WHAT YOU HAVE TO DO — Will you transcribe all the entries word for word, skipping the pictures they hold?

INFORMATION SHOWN —
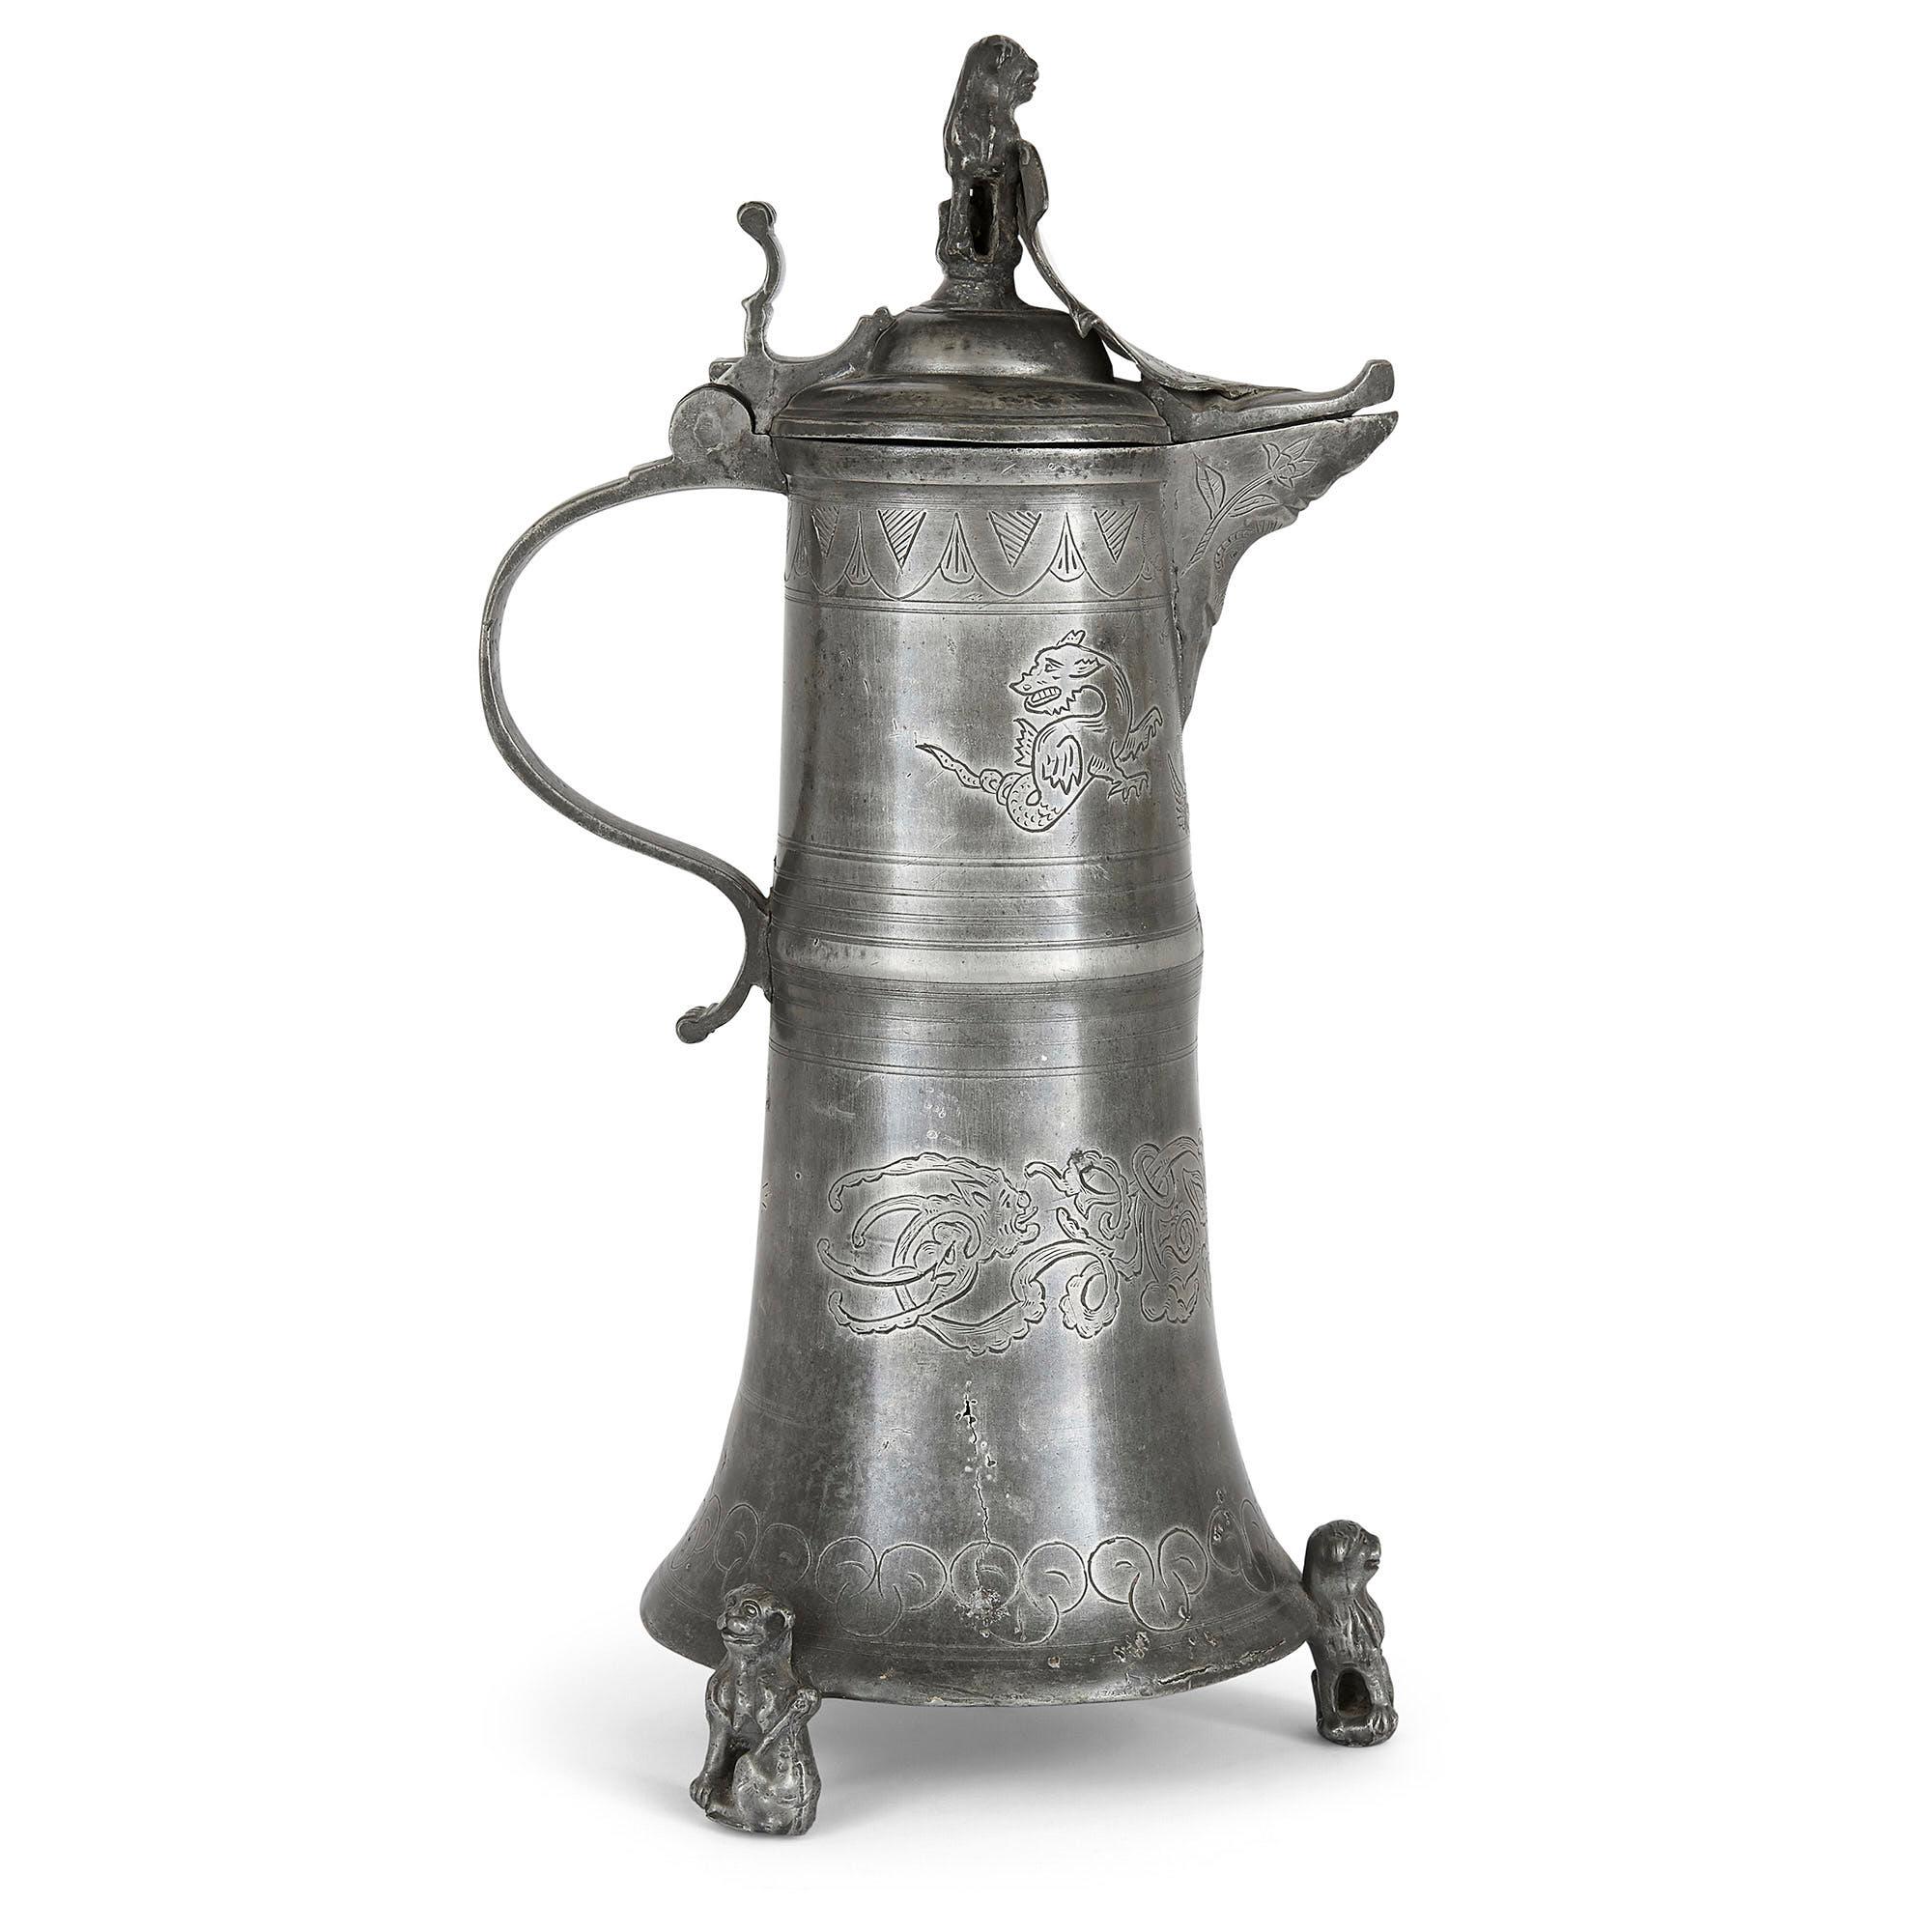 Antique German pewter jug
German, early 19th Century
Height 40cm, width 17cm, depth 20cm

This German pewter ewer is of traditional form, featuring a long body that is broader at the base than top, three lion feet, a loop handle, and a hinged
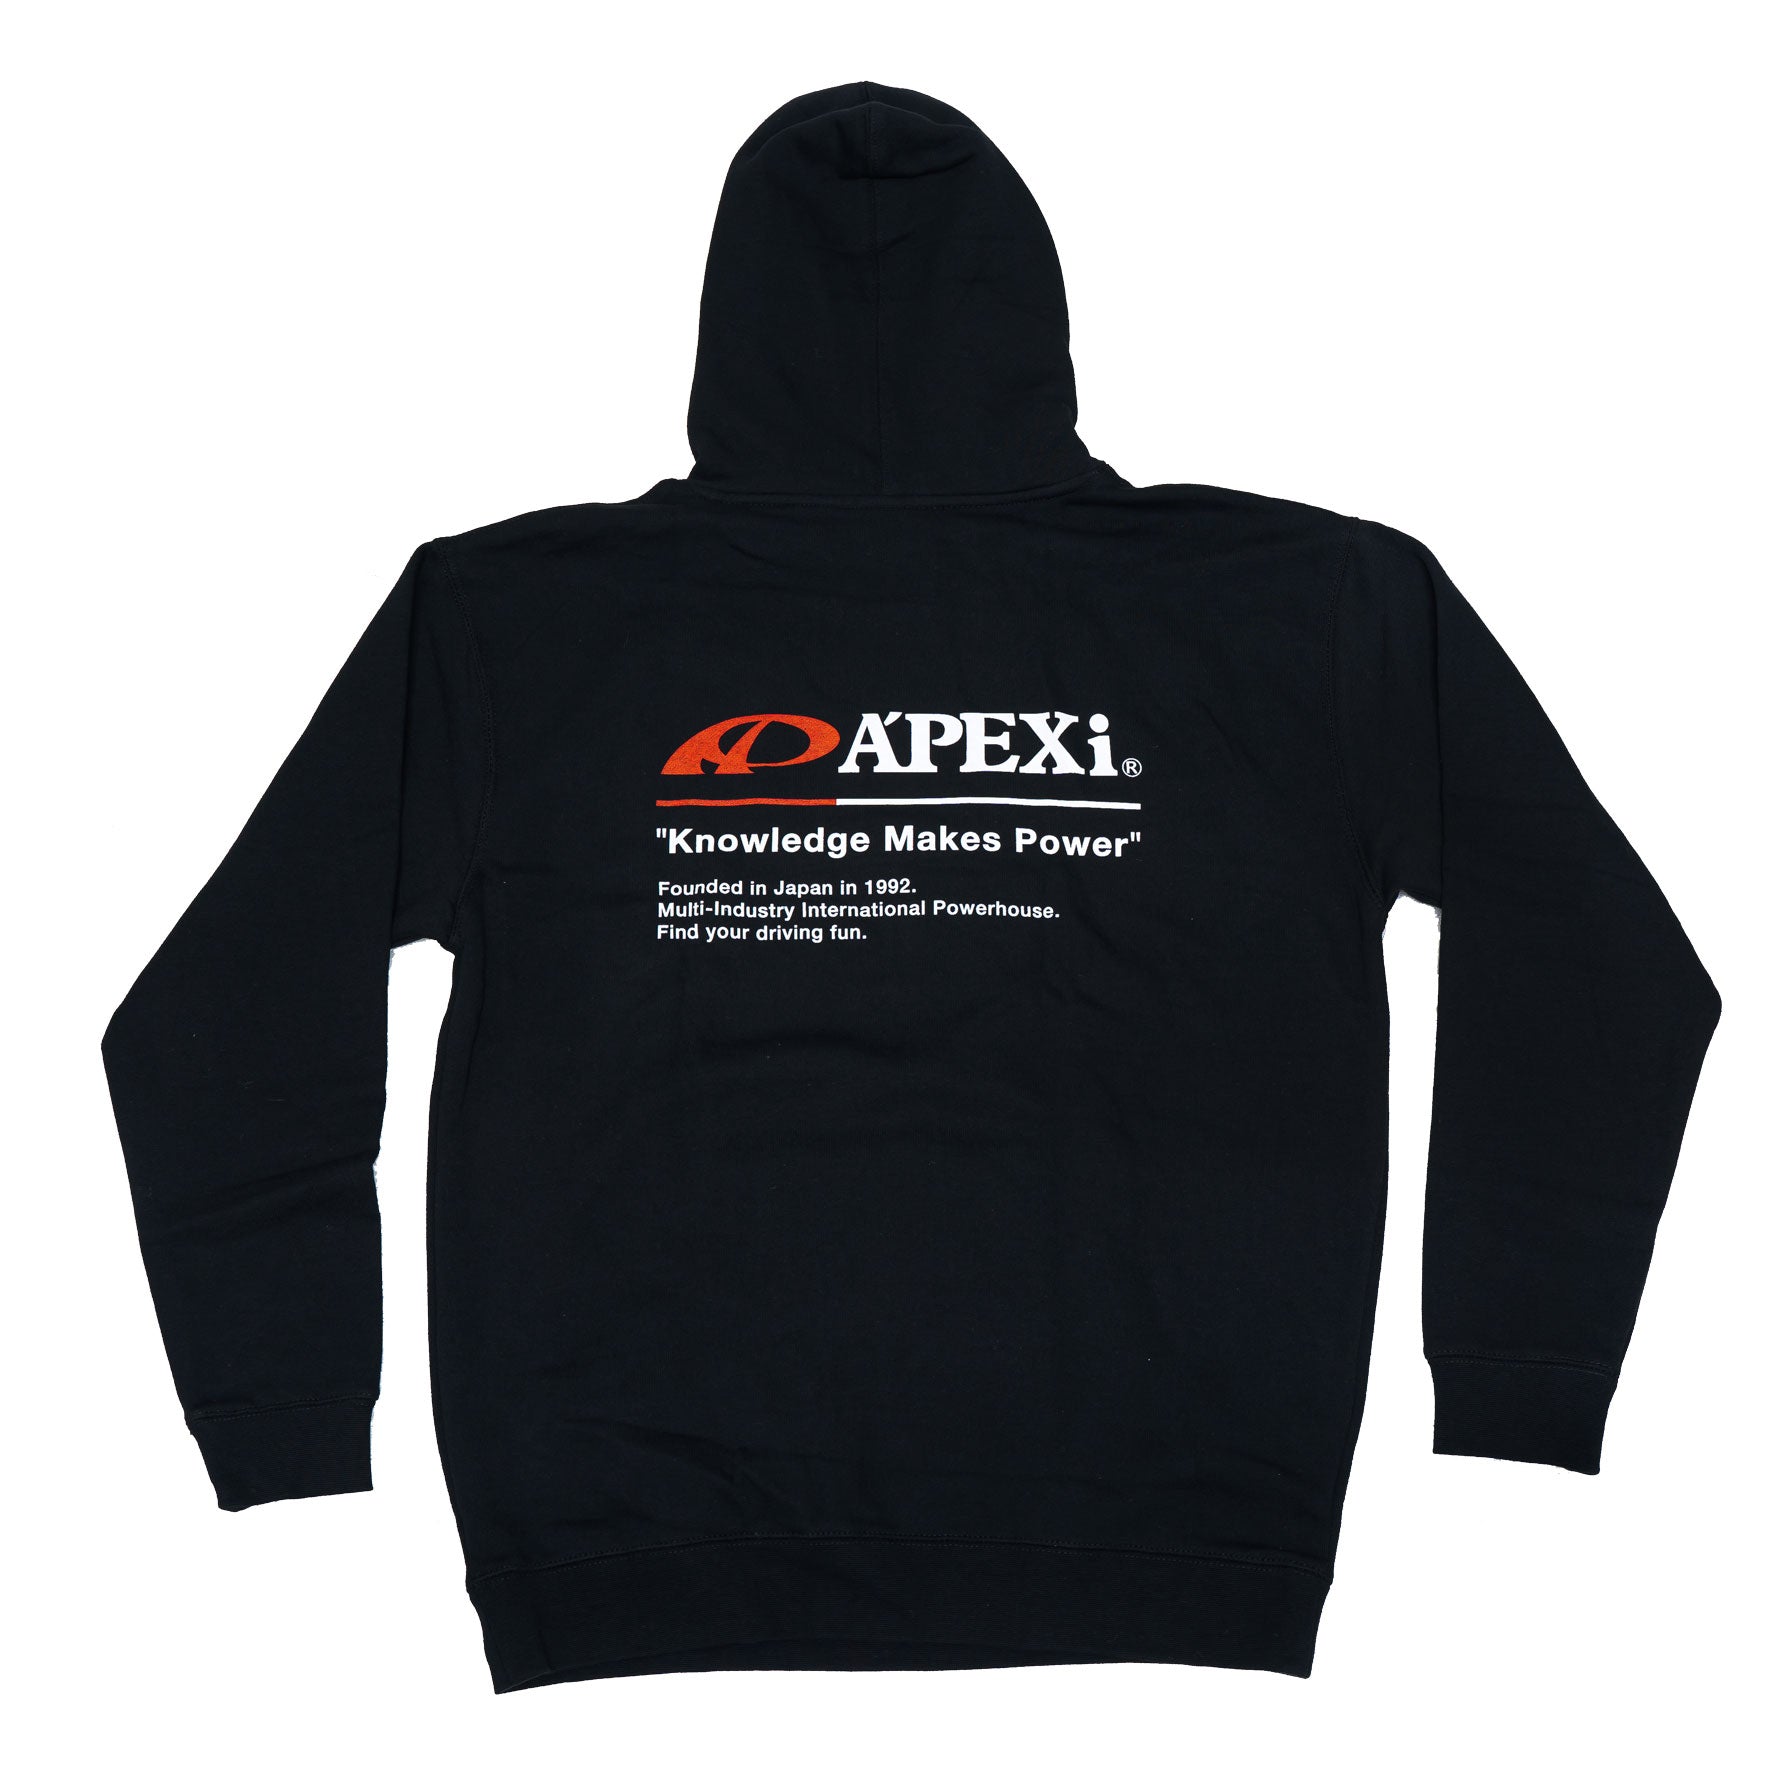 A'PEXi Hoodie - Classic Knowledge Makes Power - Black - 0

REPLY TO THE EXERCISE —
 Antique German pewter jug
German, early 19th Century
Height 40cm, width 17cm, depth 20cm

This German pewter ewer is of traditional form, featuring a long body that is broader at the base than top, three lion feet, a loop handle, and a hinged
 A'PEXi Hoodie - Classic Knowledge Makes Power - Black - 0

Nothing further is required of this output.